Manufacturers must be nimble with product offerings by tweaking brands to fit in different formats. For example, landing shelf space in Whole Foods may mean reformulating products with non-bioengineered ingredients. And gaining distribution in the club channel requires packaging and sizes not available in other retailers.

“In the Wal-Mart economy, you could rationalize your portfolio and reduce complexity and be very efficient with your main s.k.u.s,” Mr. Lauster said. “We just think today that is a fool’s errand. You have to be ready to have more complexity to win in these different channels and to offer something unique because the value propositions are so different from what shoppers are looking for in different channels.”

Win in different channels

To maintain distribution in traditional grocery stores while growing a footprint in the fast-growing club, dollar and on-line channels, companies may need to develop a new strategy for allocating trade spending with the flexibility to innovate for specific formats and partners.

“You have to think very smartly about which will be your future winners or not,” Mr. Lauster said. “In trade spend, that’s a big challenge because you have very historic spending patterns and very historic relationships.”

Innovate in merchandizing

Line extensions, the traditional approach to innovation, are failing to catch the consumer’s eye like before as more shoppers migrate away from the center of the store. Packaged food companies may need to be more creative in product development and promotion by marketing an item to an occasion, such as Halloween or even breakfast.

“Think about new ways of catching the shopper’s attention,” Mr. Lauster said. “Not just with an end-aisle display, but much more occasion-based merchandising, ideally combined with the periphery of the store where the stores generally invest because that’s where the margins are higher.”

Develop a digital strategy

Many food companies have embraced social media and on-line interaction as a way to engage with consumers. But the rise in digital technology also means more shoppers are buying on-line, and not all products fit the format.
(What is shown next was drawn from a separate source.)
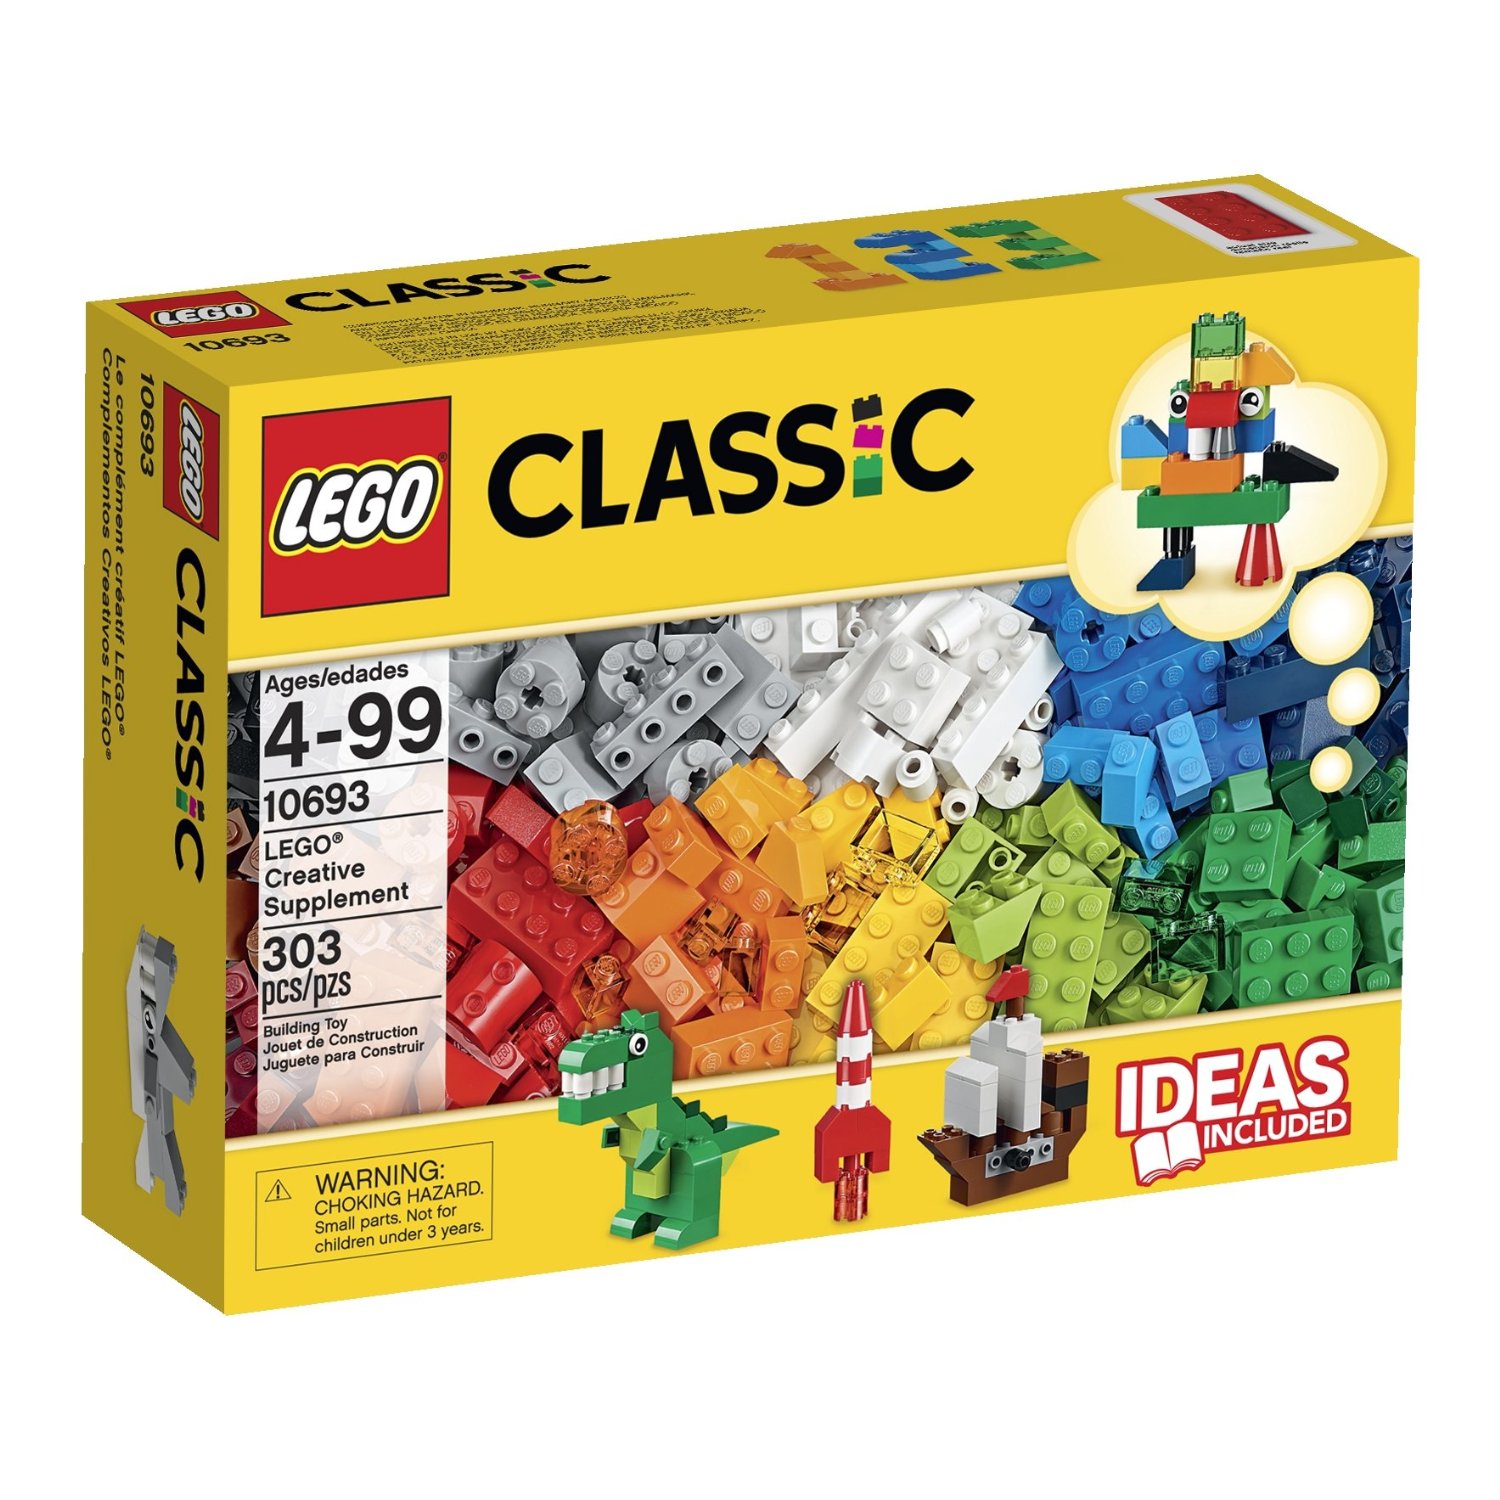 LEGO Classic Creative Supplement 10693 – Just $14.79!

“If we talk about e-commerce, Wal-Mart and Amazon are leading the investment and are making great strides and good progress,” Mr. Lauster said. “The question, in the long run, is how do you want to align with those versus others? What can you do to make your product more shippable, to really hit the price points they are aiming for and avoid price competition between different channels and between on-line and in the store?”

Rethink price-pack architecture

In the past, companies learned to price products in a way that prevented cannibalization across channels while maximizing overall market share. But a higher number of s.k.u.s and no proportionate increase in consumption have forced companies to reconsider their approach to price-pack architecture.

“In the same way you need more s.k.u. complexity to cater to different shopping propositions, you need a better capability to really be smart in your product price-pack architecture so that it’s a rational progression from a small item bought on impulse, which a consumer is ready to pay more for, all the way to the club, where someone may go and buy 20 or 30 packs and look for a value-oriented pricing proposition. It sounds easier than it is if you think about all the complexities you have to deal with and the different product/package combinations you offer today.”

Frito-Lay, a business unit of PepsiCo, and The Hershey Co. have demonstrated adeptness in the changing marketplace.

“They are very good at occasion-based marketing, very good at product placement in different channels,” Mr. Lauster said. “If you look at Hershey, it ranges all the way from attractive club packs to convenience impulse-oriented offerings. So they play in many ways very smartly and have been successful dealing with some of these channel complexities.”